Pinter Leads Protest against War "Madness"Date: 20 September 2001
Harold Pinter (pictured) is among a group of theatre celebrities leading the protest against military action in Afghanistan. Pinter joins Corin Redgrave, Roger Lloyd Pack, Bryony Lavery and others to highlight their concerns in a letter addressed to British newspapers today, 20 September 2001.
The letter opens with a plea on behalf of "all those who were killed in New York and Washington", to stop what the authors refer to as "this madness!" The thrust of the group's argument centres on the possibility of retaliatory strikes by the US coalition creating further victims of conflict, and paving the way for a new wave of terrorist attacks.

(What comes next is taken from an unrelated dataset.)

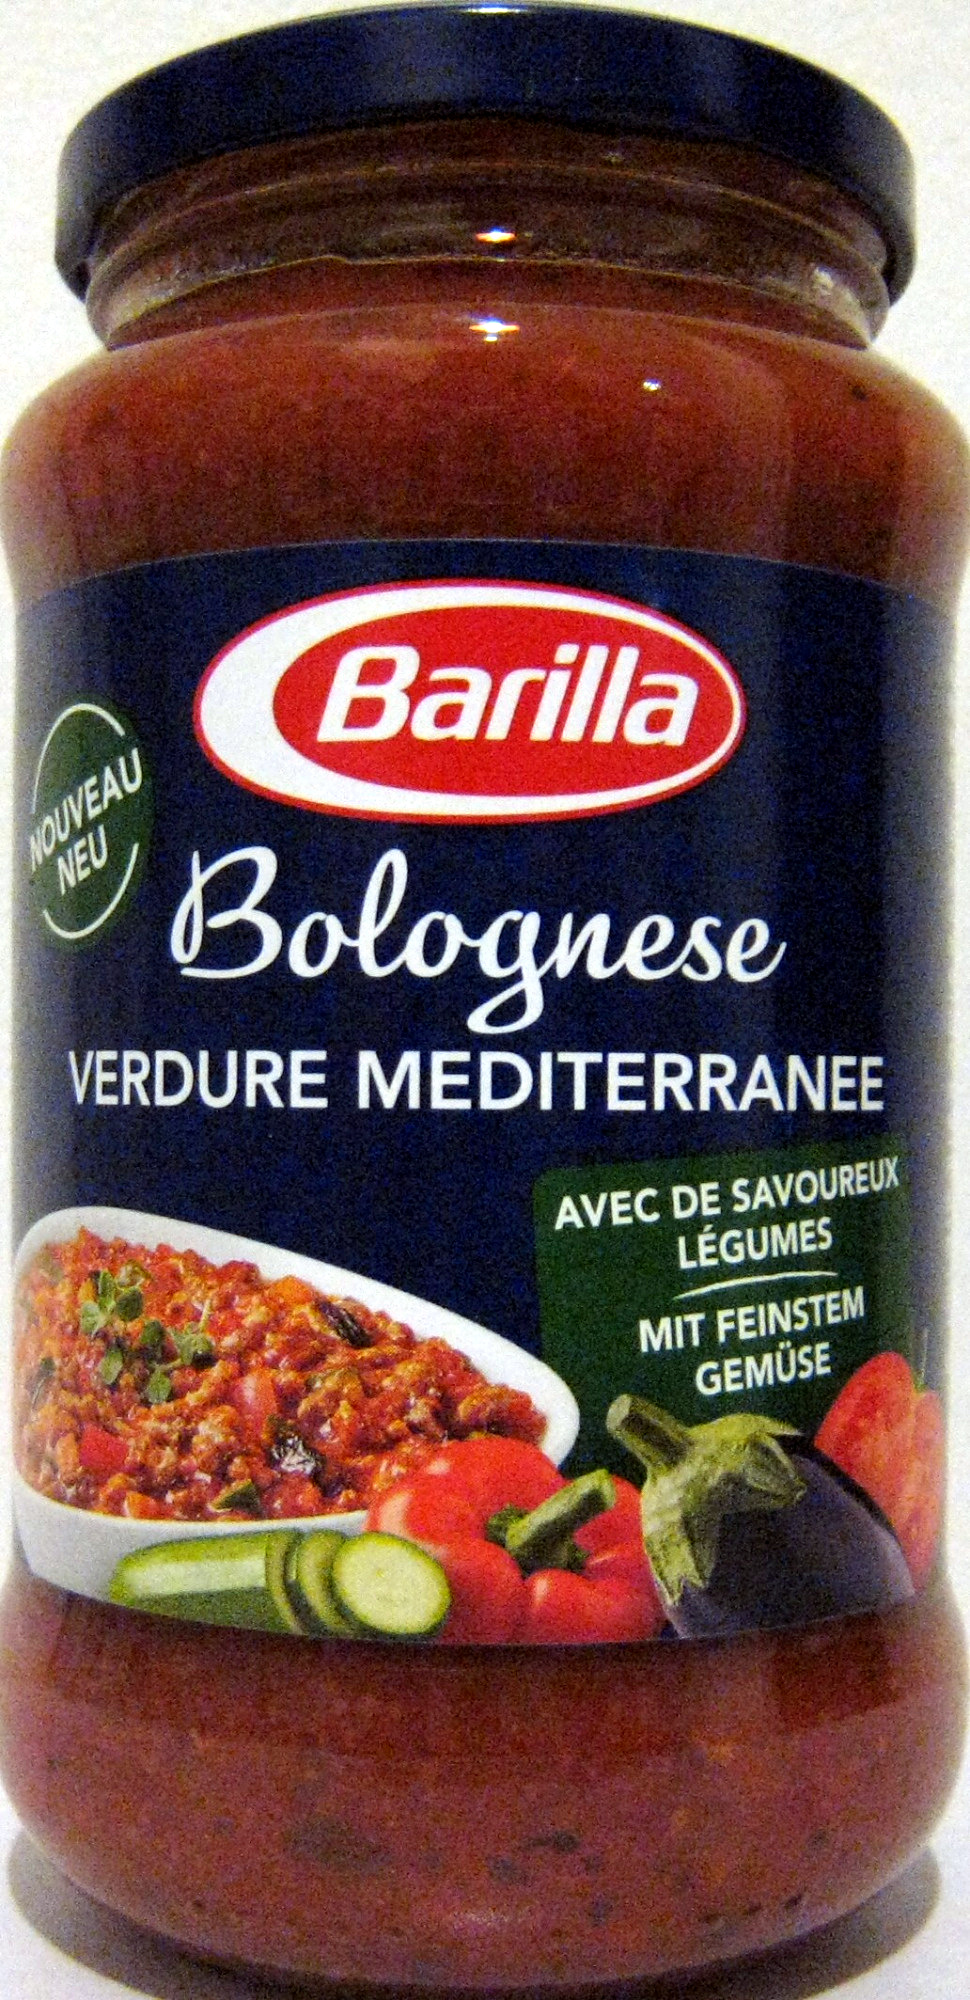 Bolognese verdure mediterranee - Prodotto - fr

The artists claim that "out of the carnage and rubble of a new crusade will come new terrorists, even more desperate and ruthless than before". They also express concern about the Afghan peasant farmers, whom they believe have little knowledge either of American concerns or of the terrorists lurking in their own country. The letter concludes by stating that a "war against international terrorism will be a war of rich against poor, of haves against have-nots", and calls for a war against poverty instead.
Pinter has continued, both on and off-stage, to be a vehement critic of political regimes at home and abroad. He was strongly against NATO's bombing of Serbia, calling it "a bandit action, committed with no serious consideration of the consequences, ill-judged, ill-thought, miscalculated, an act of deplorable machismo". Indeed, many of the playwright's works reflect themes of the individual wrestling against a barbaric state.

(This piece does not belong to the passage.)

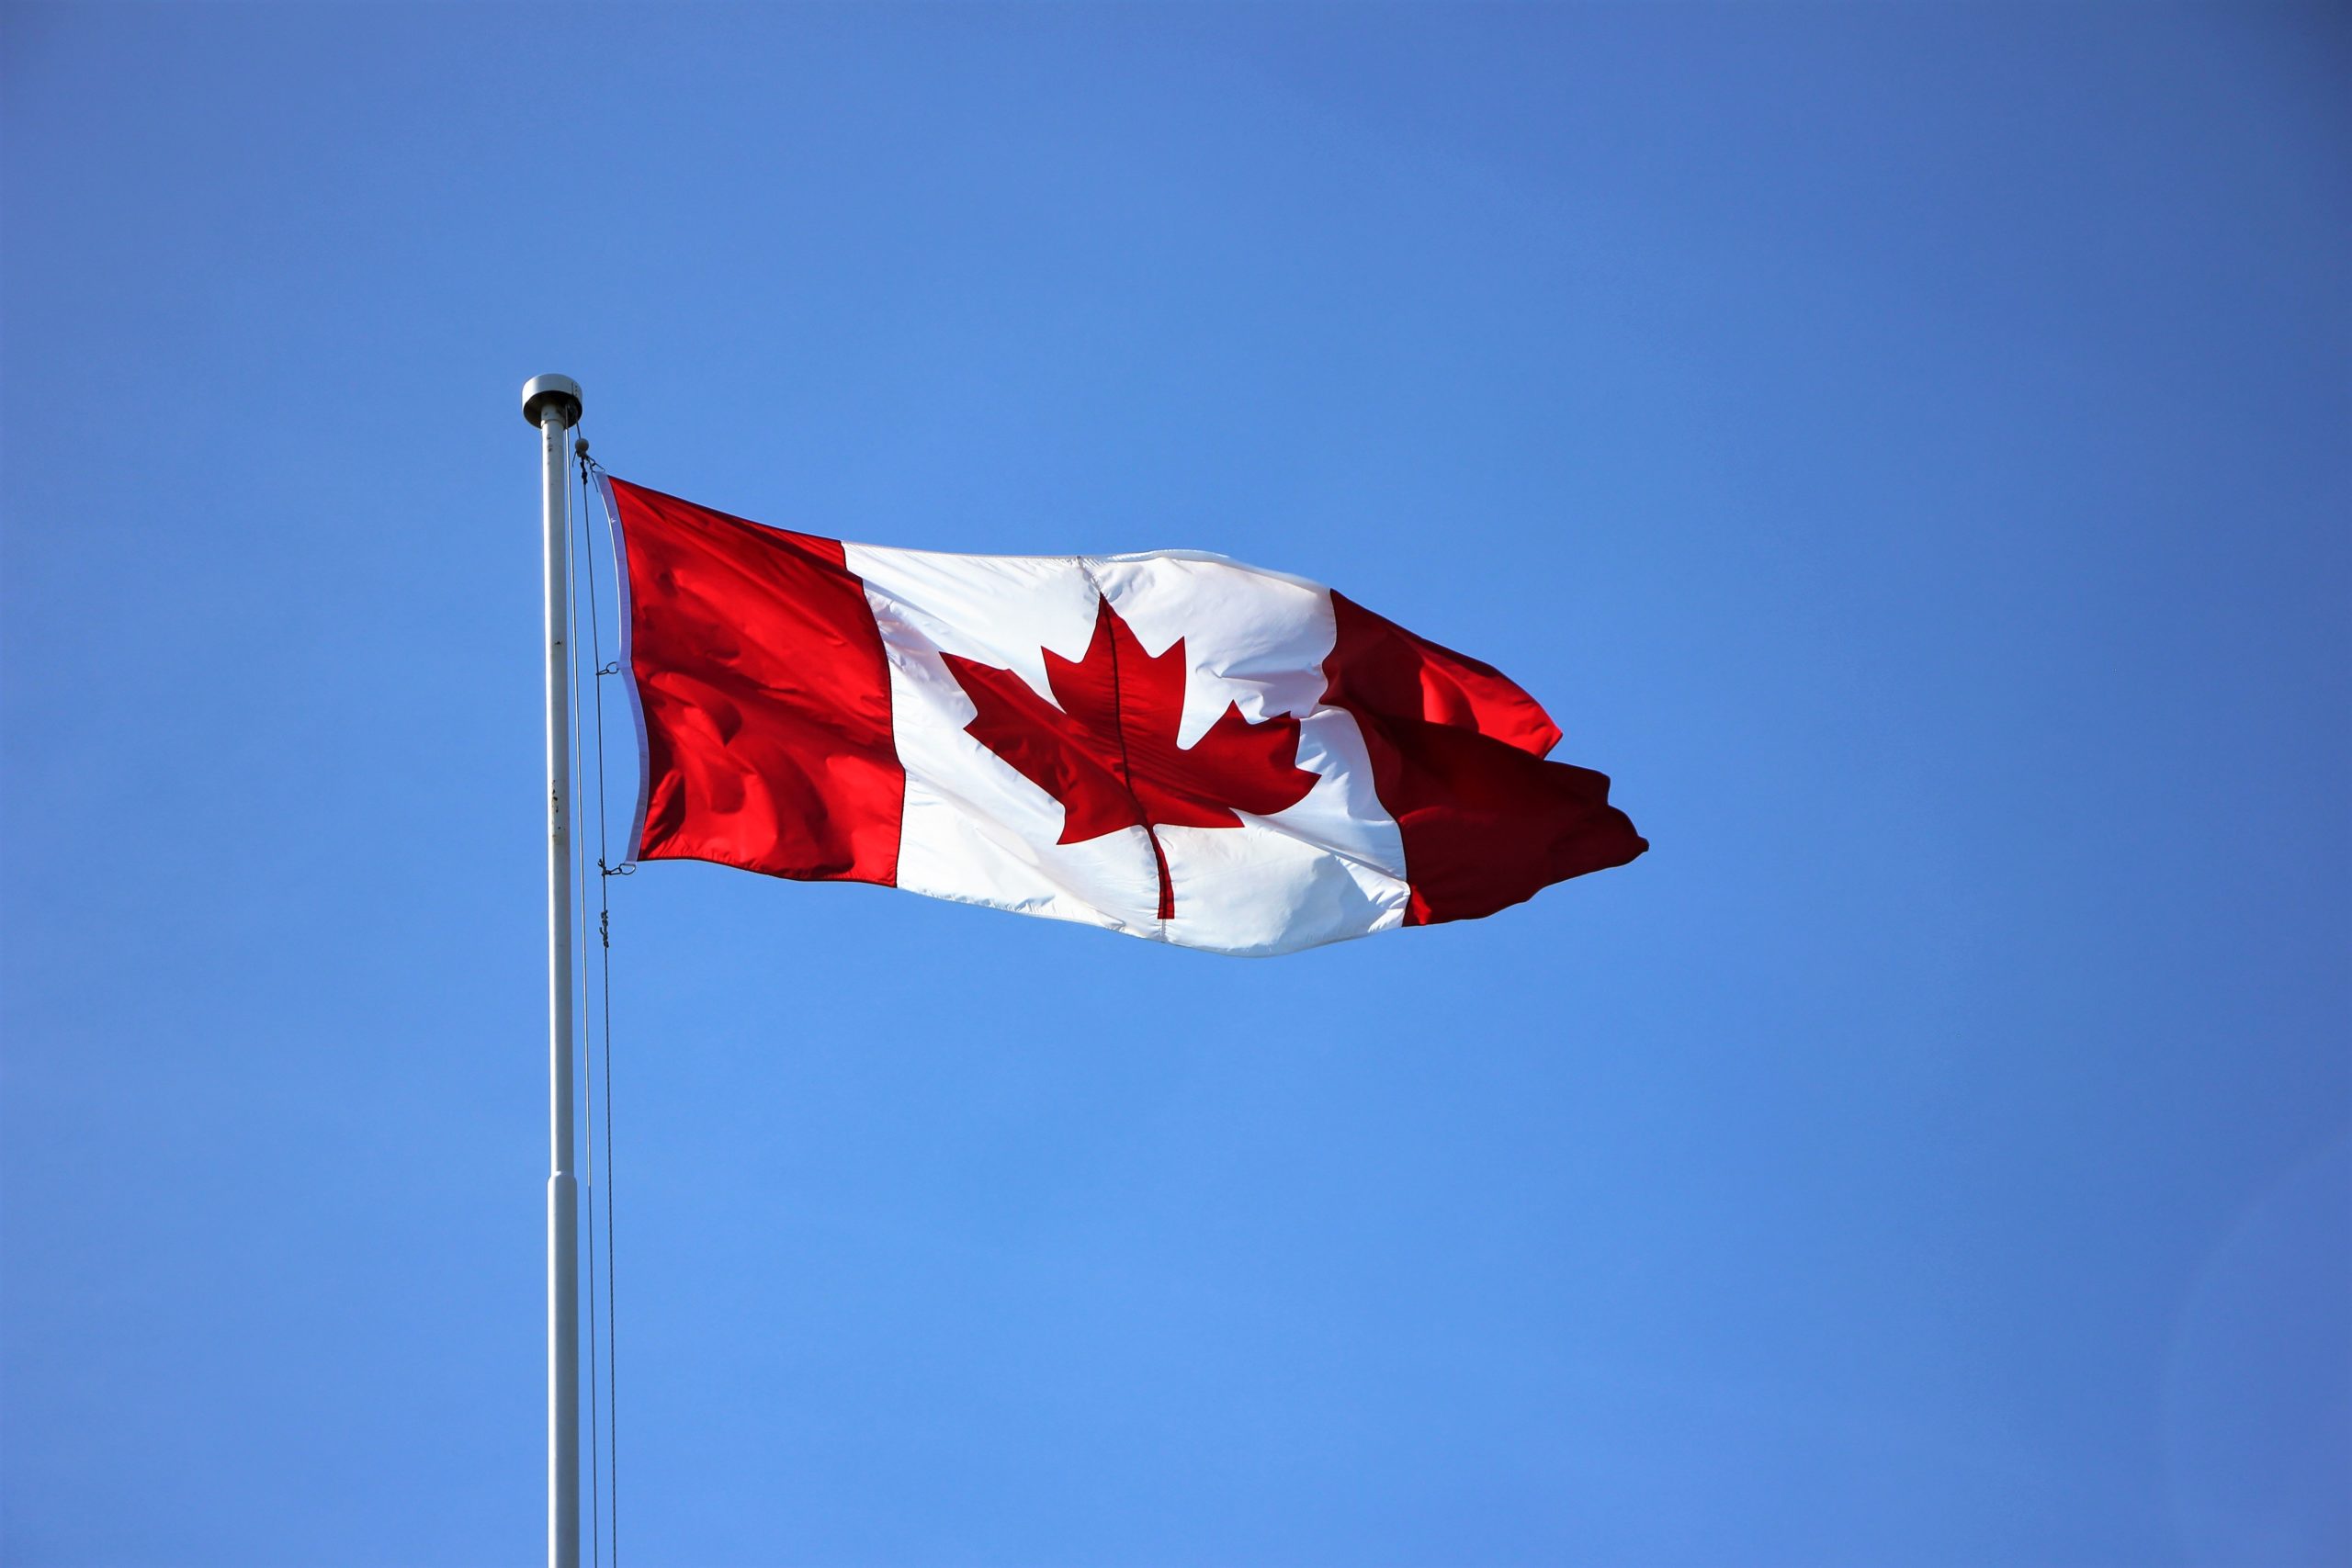 The Canadian flag waving against a blue sky.

One for the Road, which dates back to 1984, is a highly direct work portraying interrogation and verbal torture. Mountain Language, first performed at the National Theatre starring Michael Gambon, has been described as a "short sharp shock, focussing on the brutalities of society". Pinter has been awarded the CBE, European Prize for Literature (Vienna), numerous honorary degrees and the Laurence Olivier Special Award.
Lloyd Pack, familiar to TV viewers for roles in Only Fools and Horses and The Vicar of Dibley, is currently starring in the West End's Art. Redgrave's recent theatre work includes The Cherry Orchard (National Cottesloe), A Song at Twilight and Tennessee Williams' Not About Nightingales. The world premiere of the last was co-produced by Moving Theatre at the National. It went on to Houston and Broadway, earning Redgrave Best Actor nominations from the Olivier, Tony and Drama Desk Awards for his portrayal of a sadistic prison warden.
Prolific playwright and director Bryony Lavery's recent stage work includes Goliath (Bush Theatre, London) and A Wedding Story (Birmingham Rep, Soho Theatre). She has also adapted the Finnish drama, Cherished Disappointments In Love, for Soho Theatre's Autumn 2001 season. Her dramatisation of Angela Carter's The Magic Toyshop is currently on tour.